The commission said it found that respondents had a general agreement to collude on prices in relation to currency trading involving US dollar/rand currency pair.
Cosatu's Gauteng provincial chairperson Vusi Monyela said they had strategically chosen to march to Absa because the bank did not only collude, but also benefited from loans that belonged to South Africans.
Series of bailouts
"We think that the country has been robbed of its resources during that time and Absa must take responsibility and pay it back. When the collusion case emerged, it added to the damage that Absa has already done," said Monyela.
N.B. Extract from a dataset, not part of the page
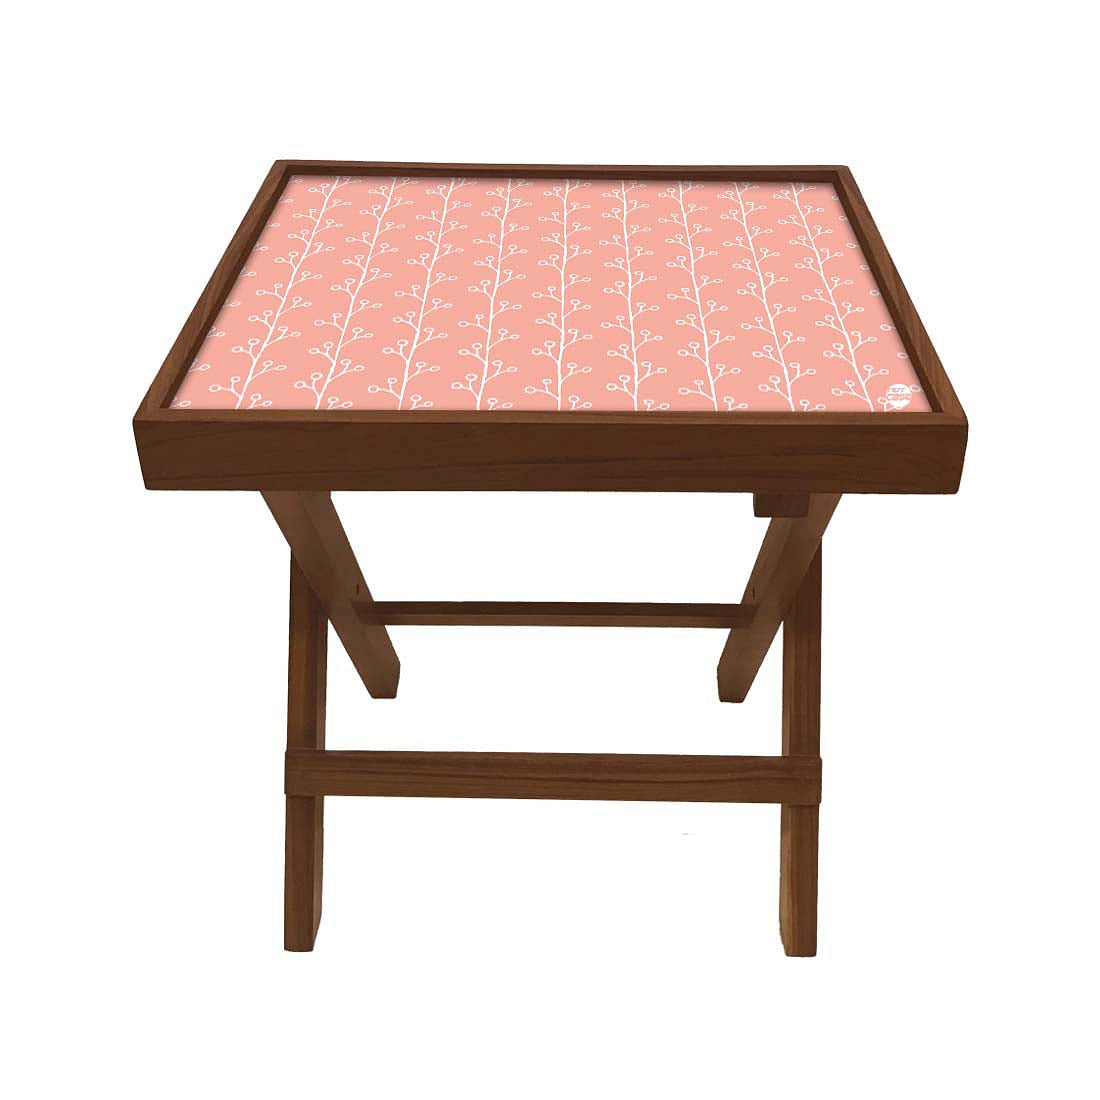 Folding Side Table - Teak Wood -Peach Patten Nutcase
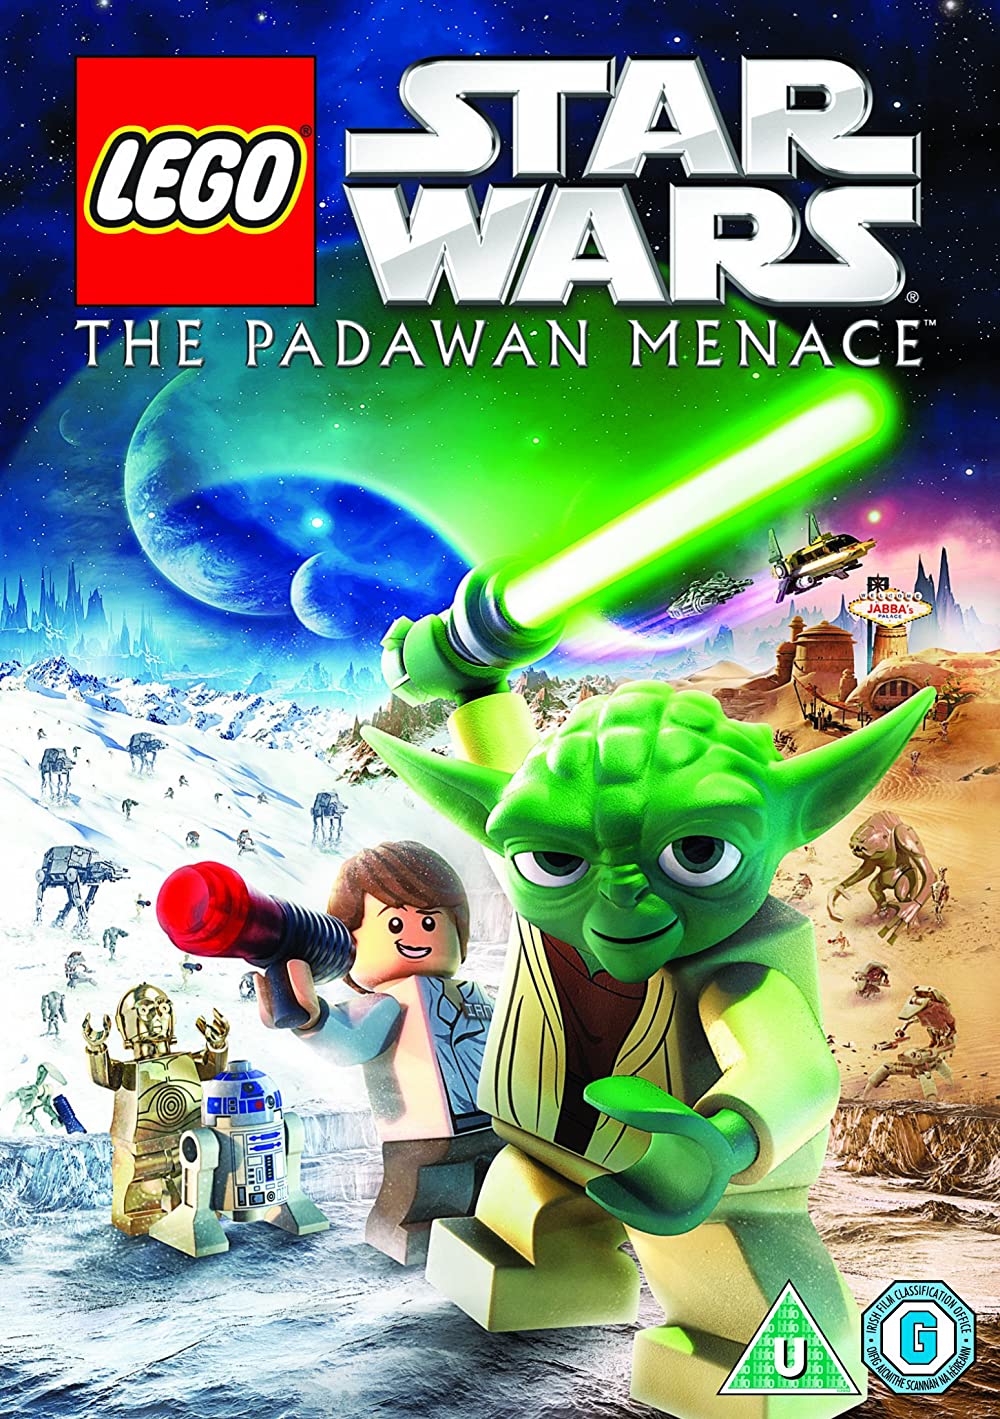 Download Lego Star Wars: The Padawan Menace Movie | Lego Star Wars: The Padawan Menace

Between 1985 and 1993, the apartheid government provided Bankorp with a series of bailouts, through the Reserve Bank, to offset loans that threatened the Bankorp's survival. Absa took over Bankorp in 1992.
Monyela said they will be going to other banks implicated in the collusion in the near future but they felt the need to start with Absa because of its involvement in both collusion and bailouts.
"We will be going to other banks by the way. We will be going to the stock exchange and to everybody who has made the economy and the working class to bleed. This is the beginning of the struggle to recoup what is owed to the working class and the poor by these big banks," said Monyela.
In an earlier statement, Cosatu said it believed that Absa symbolised everything wrong with the structure of this country's economy.
"They are still yet to pay back the full amount plus interests of the bailouts provided to Bankorp by the Reserve Bank from 1985 to 1992," read a statement from Cosatu.
"Absa is a symbol of all those who inherited privilege and ill-gotten gains of the past. This is the corruption that has left the country with no resources to fund free education," said Cosatu in a statement.
Cosatu's demands included the call for a full pay-out of the loans with interest and an inquiry into the executive members of the big banks involved in the collusion case.
Cosatu has given them 48 hours to respond.
Monyela said the march was a success. The march followed a shop steward council meeting that was held at the Johannesburg City Hall that met to discuss the upcoming campaigns and the decisions by the federation.
They have made a call to all workers to join May Day celebrations on May 1.